■ WORK TO COMPLETE:
Reproduce only what runs from the line containing "Snowman Christmas Cards" to the line containing "Medoff Platinum Vodka" in the records below, inclusive. Keep it exact, and keep the pictures out.

■ INPUT MATERIAL:
┄┄┄┄┄┄

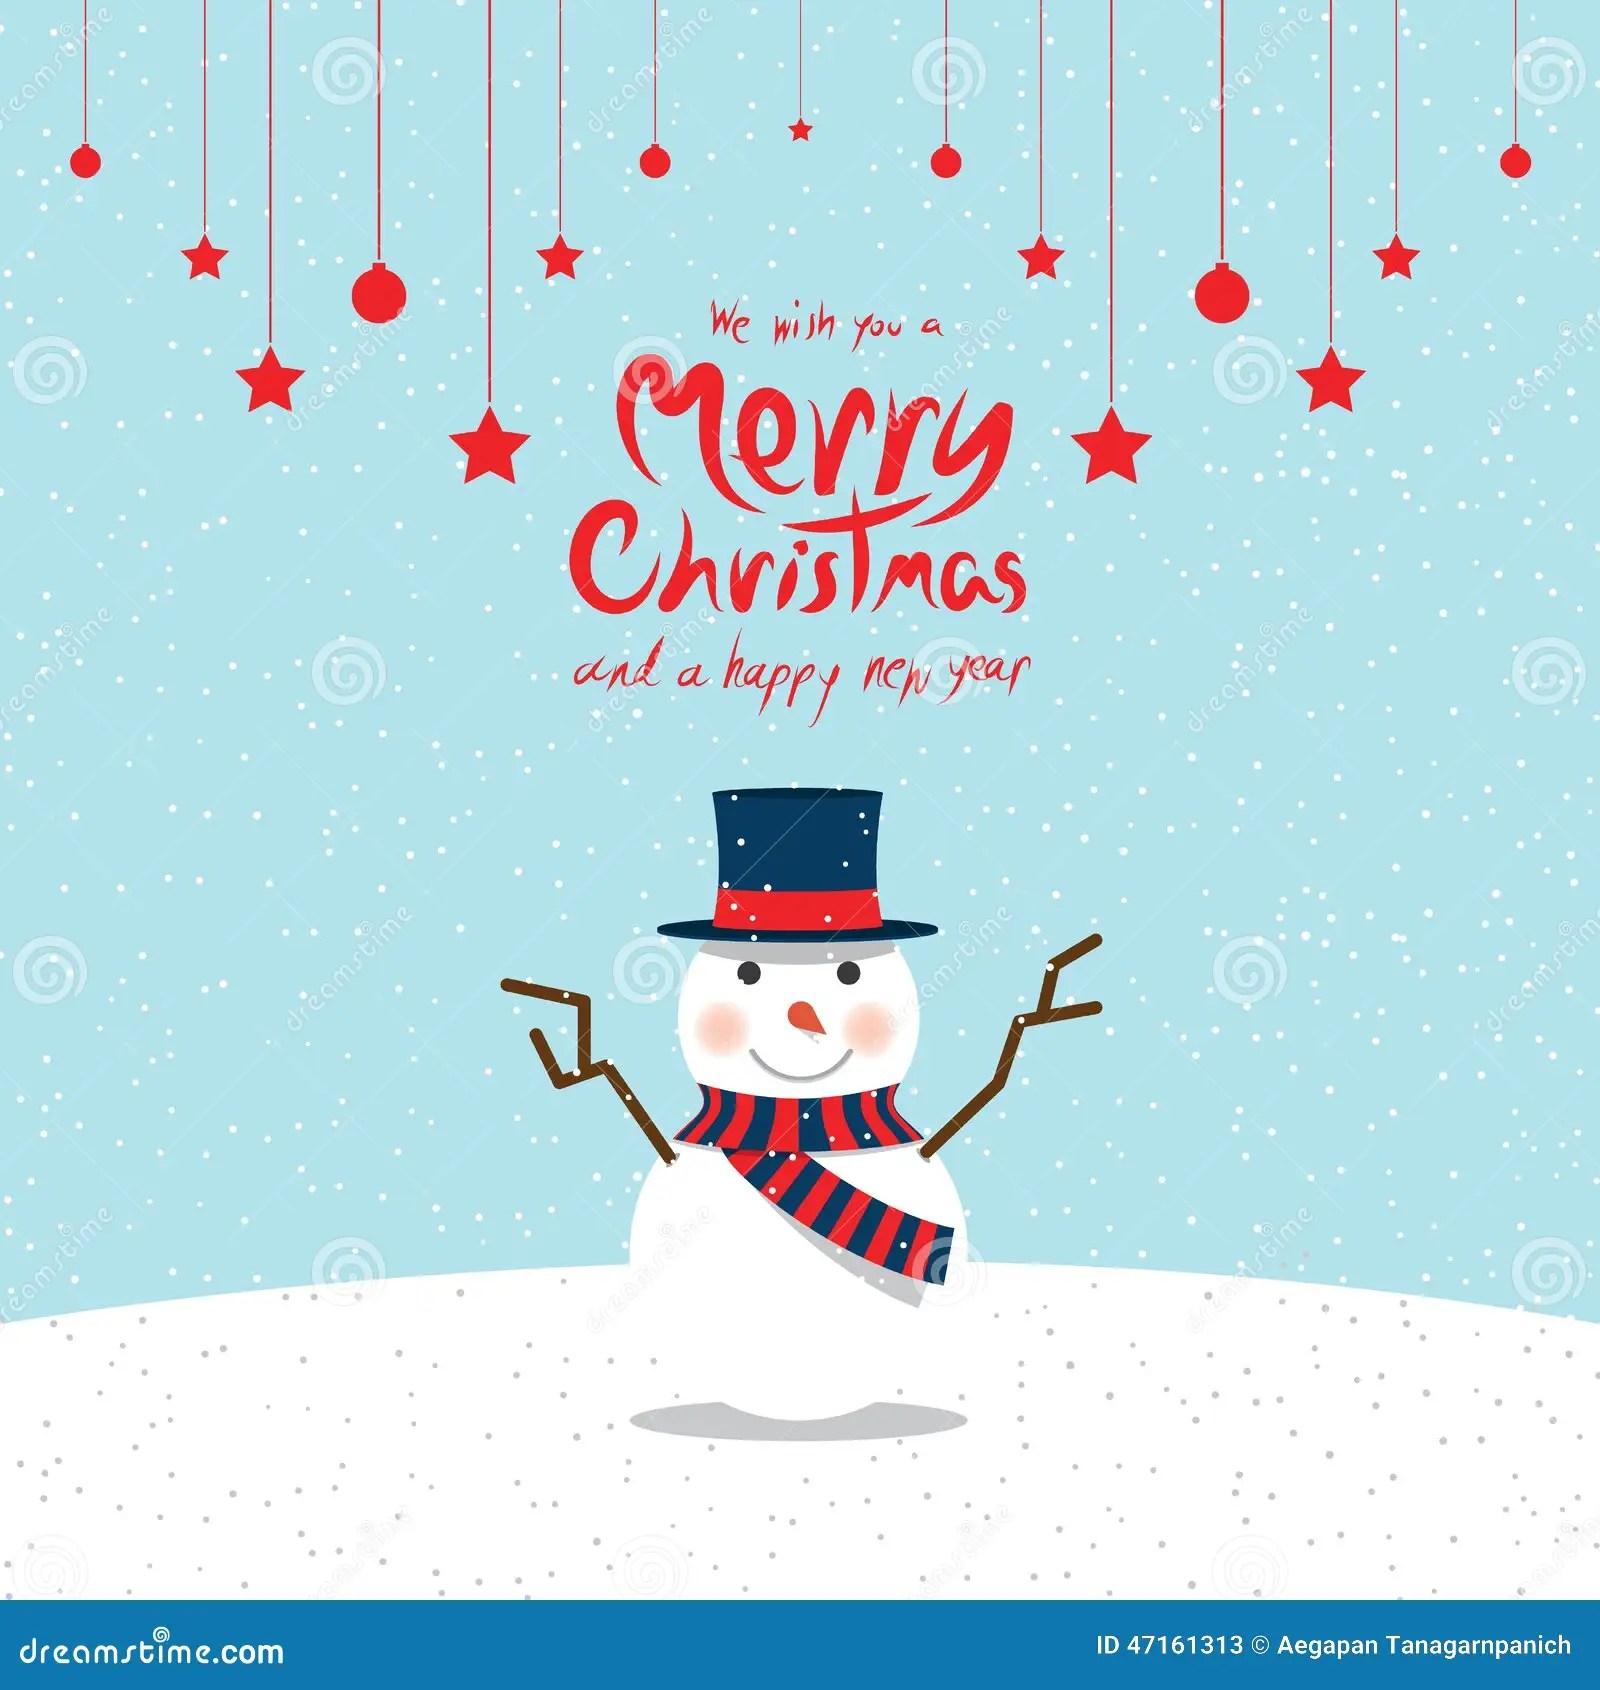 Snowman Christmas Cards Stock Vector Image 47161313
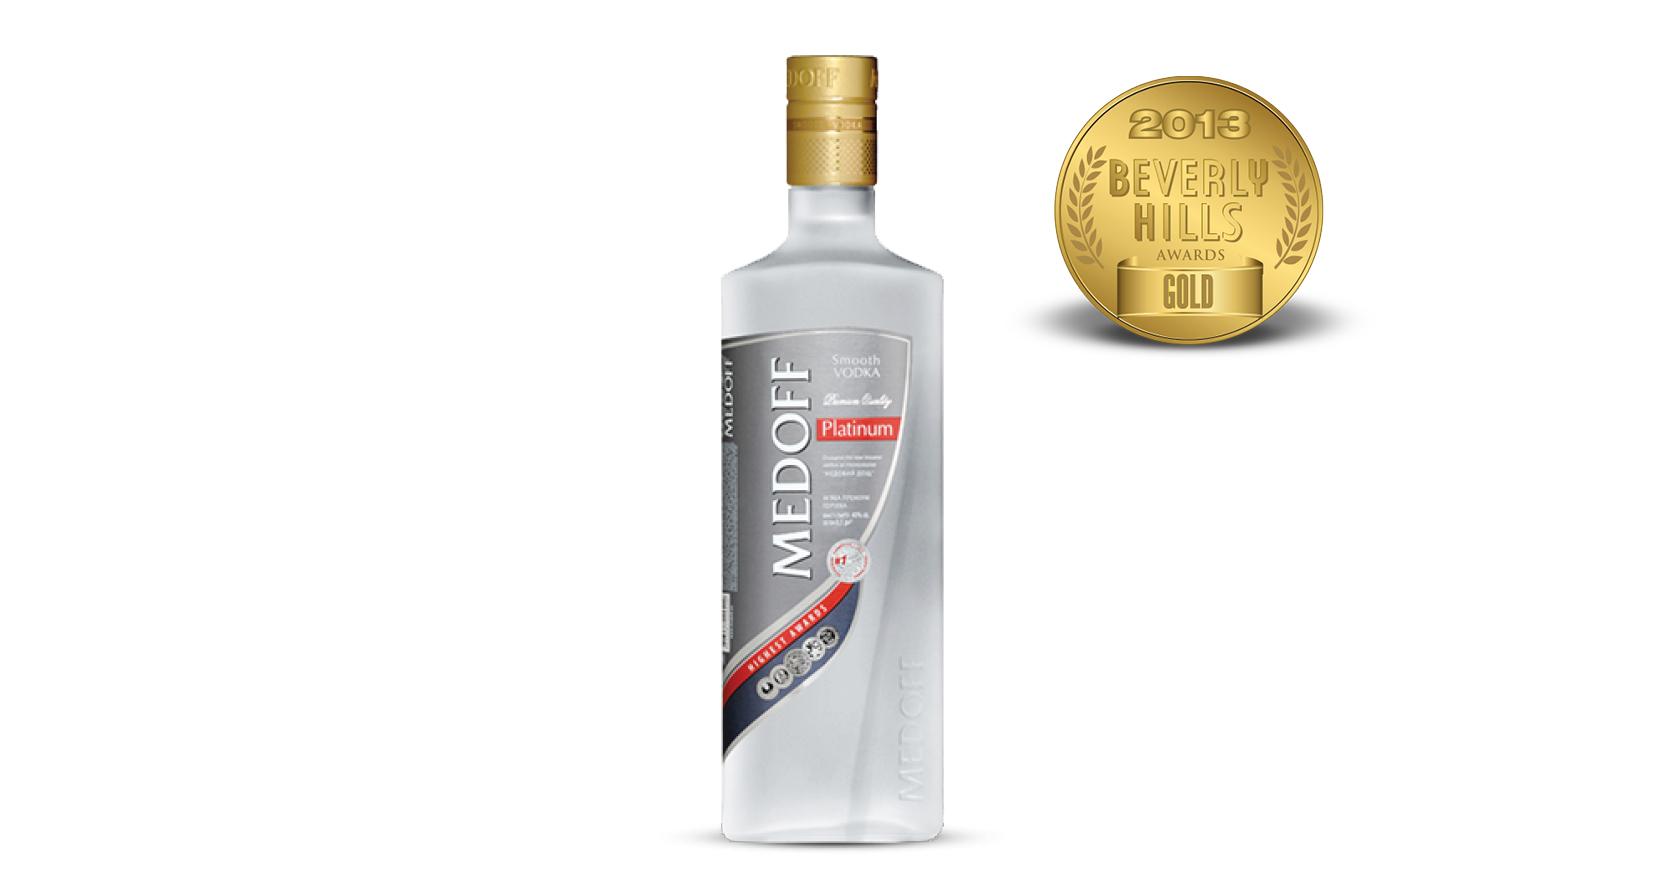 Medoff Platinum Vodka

┄┄┄┄┄┄

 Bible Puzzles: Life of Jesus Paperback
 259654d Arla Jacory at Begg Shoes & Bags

┄┄┄┄┄┄

■ SOLUTION BELOW:
 Snowman Christmas Cards Stock Vector Image 47161313
 Medoff Platinum Vodka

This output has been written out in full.